Step 2: Running LIgO
==============================================================
After saving the yaml specification to a file (e.g., `quickstart_repertoire.yaml`), you can proceed with the analysis by following these steps:

#. Activate the virtual environment where you have installed LIgO, for example

.. code-block:: console

  source ligo_env/bin/activate
  
#. Navigate to the directory where the yaml specification (`quickstart_repertoire.yaml`) was saved.

#. Execute the following command:

.. code-block:: console

  ligo quickstart_repertoire.yaml quickstart_output_repertoire
  
All results will be located in quickstart_output_repertoire. Note that the output folder (quickstart_output_repertoire) should not exist prior to the run.

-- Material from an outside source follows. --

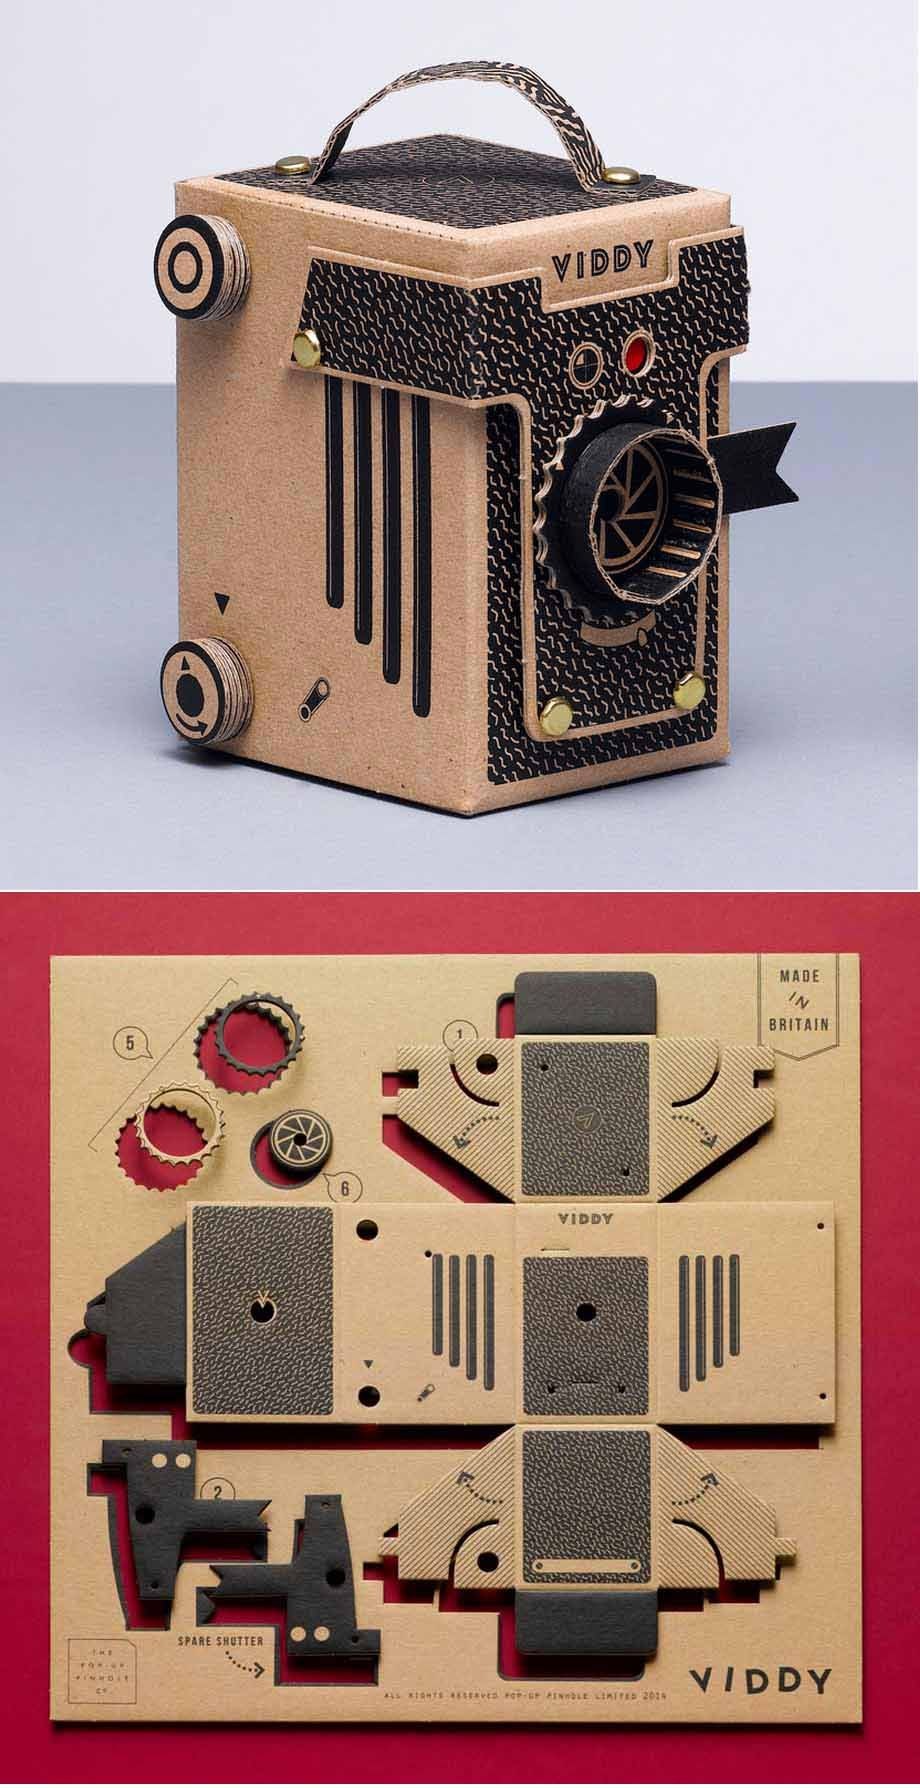 Camera Papercraft Viddy is A Do It Yourself Pinhole Camera Kit Made From tough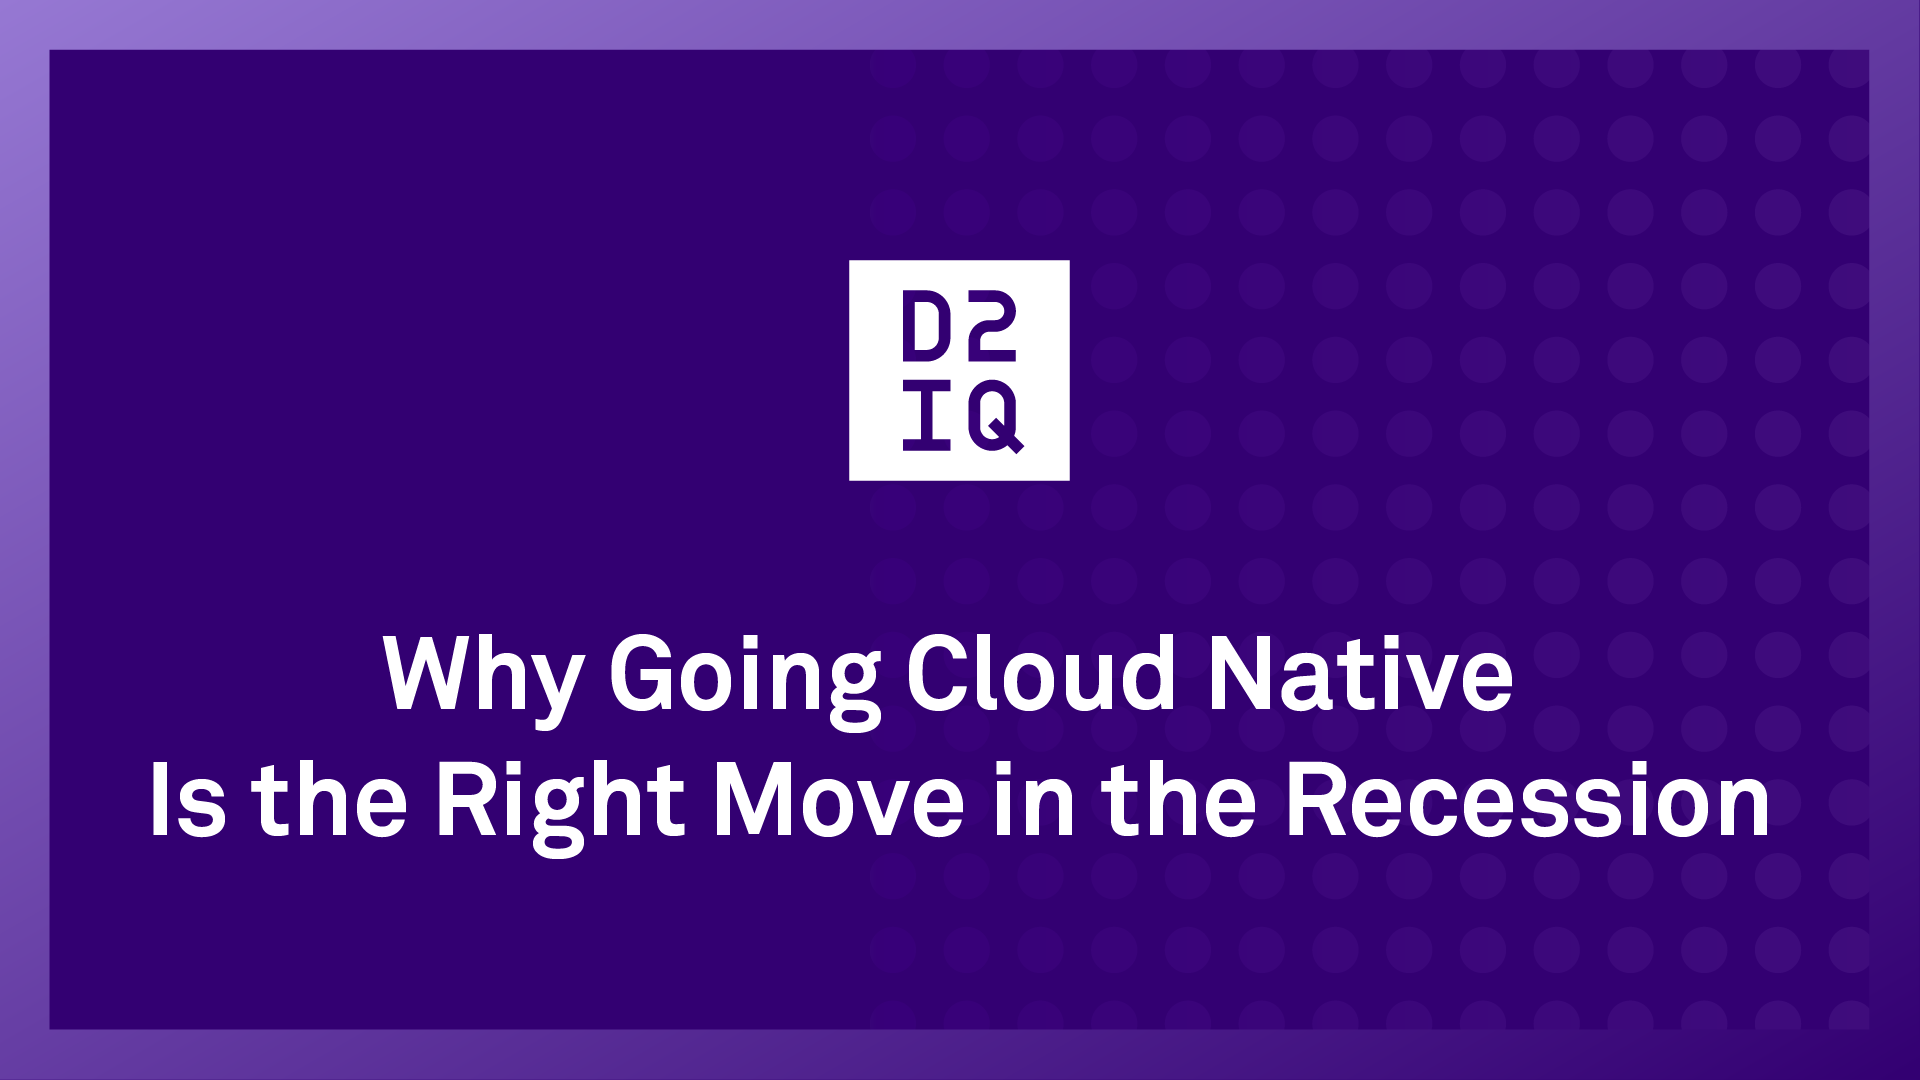 Why Going Cloud Native Is the Right Move in the Recession

Step 3: Understanding the output
==============================================================

The folder :code:`quickstart_output_repertoire/my_sim_inst/exported_dataset/airr/` contains the simulation output as the :code:`metadata.csv` file and the :code:`repertoires` folder. 

Metadata file
^^^^^^^^^^^^^^^^^^^^^^^^^^^^^^^^^^^^^^^^^^^^^^^^^^^^^^^^^^^^^^

:code:`metadata.csv` is a table where each row describes one repertore, see below a metadata file example for the quickstart repertoire-level simulation

.. list-table:: metadata.csv
    :header-rows: 1

    * - subject_id
      - filename
      - repertoire_id
      - ievent1
      - ievent2
      - signal1
      - signal2
      - sim_item
      - identifier
  
    * - subject_0
      - e5af5d574fc84140bb54bf0fa81245ea.tsv
      - e5af5d574fc84140bb54bf0fa81245ea
      - TRUE
      - FALSE
      - TRUE
      - TRUE
      - AIRR1
      - e5af5d574fc84140bb54bf0fa81245ea

    * - subject_1
      - 47799dfcb42d4c1ba3e01d3ff2943cdb.tsv
      - 47799dfcb42d4c1ba3e01d3ff2943cdb
      - FALSE
      - TRUE
      - TRUE
      - TRUE
      - AIRR2
      - 47799dfcb42d4c1ba3e01d3ff2943cdb

    * - ...
      - ...
      - ...
      - ...
      - ...
      - ...
      - ...
      - ...
      - ...
   
Repertoires folder
^^^^^^^^^^^^^^^^^^^^^^^^^^^^^^^^^^^^^^^^^^^^^^^^^^^^^^^^^^^^^^
:code:`repertoires` folder contains tsv files, where one file corresponds to one repertoire. The repertoire filenames are listed in the :code:`metadata.csv` file. In the repertoire tsv file, each row represents one AIR. Some of the output columns are shown in the table below.

Since the AIRRs were simulated using signal implantation, the output repertoire file contains several additional columns:

- original_sequence: AIR before signal implantation

- original_p_gen: p_gen of an AIR before signal implantation

.. list-table:: Simulated receptors in AIRR format
    :header-rows: 1

    * - productive
      - v_call
      - j_call
      - junction_aa
      - signal1
      - signal2
      - signal1_position
      - signal2_position
  
    * - F
      - IGHV1-2*02
      - IGHJ4*01
      - CARGWQHSSGWTPPGSDAA
      - 1
      - 0
      - m00000000000000000100
      - m00000000000000000000

    * - F
      - IGHV3-23*01
      - IGHJ4*01
      - CAAAANVDYW
      - 1
      - 0
      - m00100000000
      - m00000000000

    * - F
      - IGHV1-18*01
      - IGHJ6*01
      - CAKGTHGGFTIFGVVIFPEVINVSGTYYYYMDVW
      - 0
      - 1
      - m00000000000000000000000000000000000
      - m00000010000000000000000000000000000

    * - ...
      - ...
      - ...
      - ...
      - ...
      - ...
      - ...
      - ...


Next steps
==============================================================

- For a quickstart guide on receptor-level simulation see :ref:`How to use LIgO for receptor-level simulation`. 

- Other tutorials for how to use LIgO can be found under :ref:`Tutorials`.

- You can find more information about yaml parameters in :ref:`YAML specification`.